It’s best to encourage students at a young age to embrace careers in a variety of professions.  Several teachers from across West Virginia received hands-on training at the Robert C. Byrd Institute for Advanced Flexible Manufacturing (RCBI) to help provide math and science lessons to their students. The lessons are designed to encourage students to consider careers in industries, particularly jobs in aviation, aerospace and advanced composite materials.

The teachers learned how to use NASA’s “Museum in a Box” tool, which, according to NASA, administers lessons with a fun aeronautics theme. The program is designed for teachers to introduce composite technology to their students, inspiring them to seek out composites related professions after graduation. All of the math and science topics can be used for students from kindergarten through 12th grade.

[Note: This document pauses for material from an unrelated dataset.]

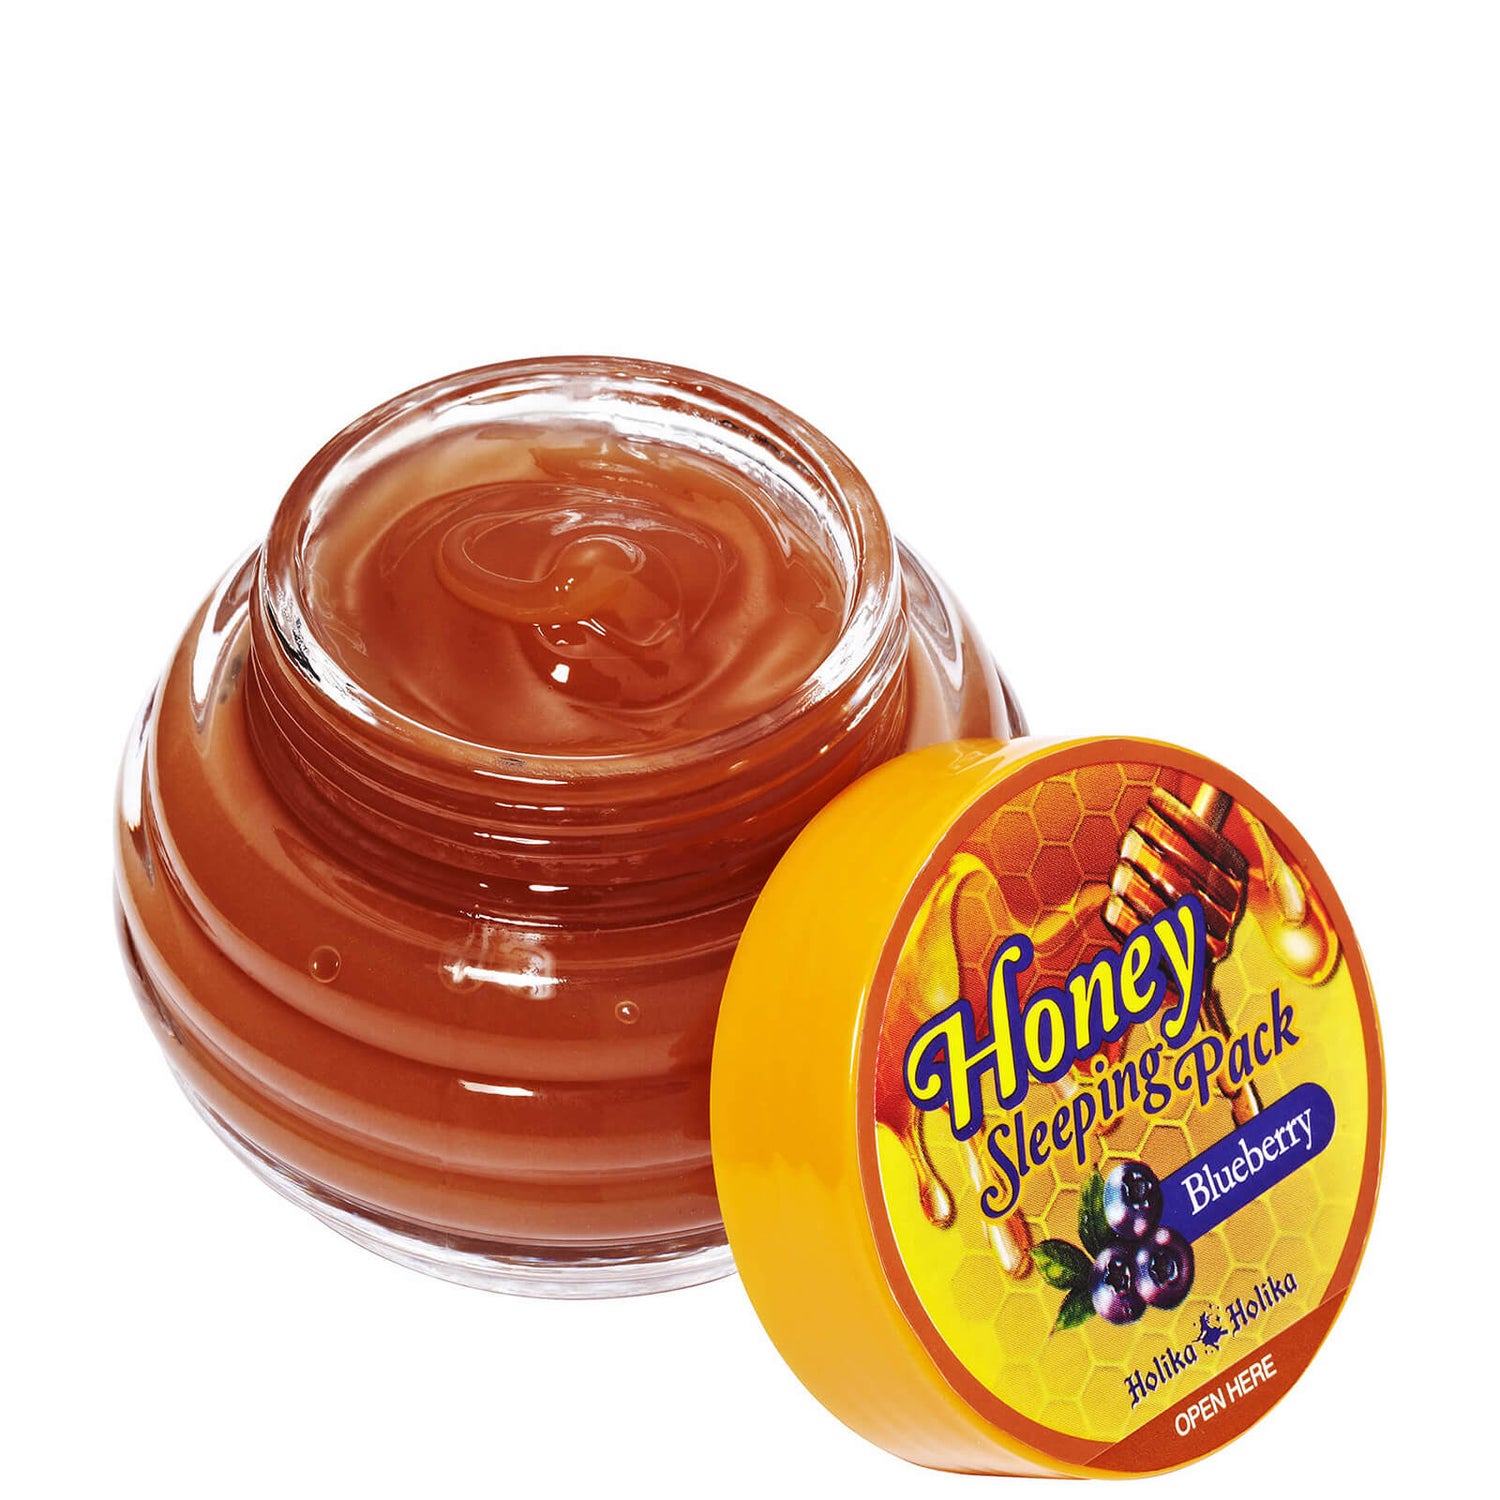 Conjunto para Durante a Noite Mel (Mirtilo) Honey Sleeping Pack da Holika Holika

“RCBI is excited to bring this outstanding NASA program to teachers and students across West Virginia,” said Charlotte Weber, director and CEO of RCBI. “Math and science skills are a critical part of training for today’s jobs and are becoming even more essential for tomorrow’s jobs. RCBI already works with employers, workers and student groups at our statewide centers in Huntington, Charleston, Bridgeport and Rocket Center, and this partnership will expand training programs to classrooms in many school systems.”

While at RCBI’s Bridgeport Advanced Manufacturing Technology Center, the teachers were able to visit the RCBI Composites Technology & Training Center. The center serves as West Virginia’s National Composite Center of Excellence.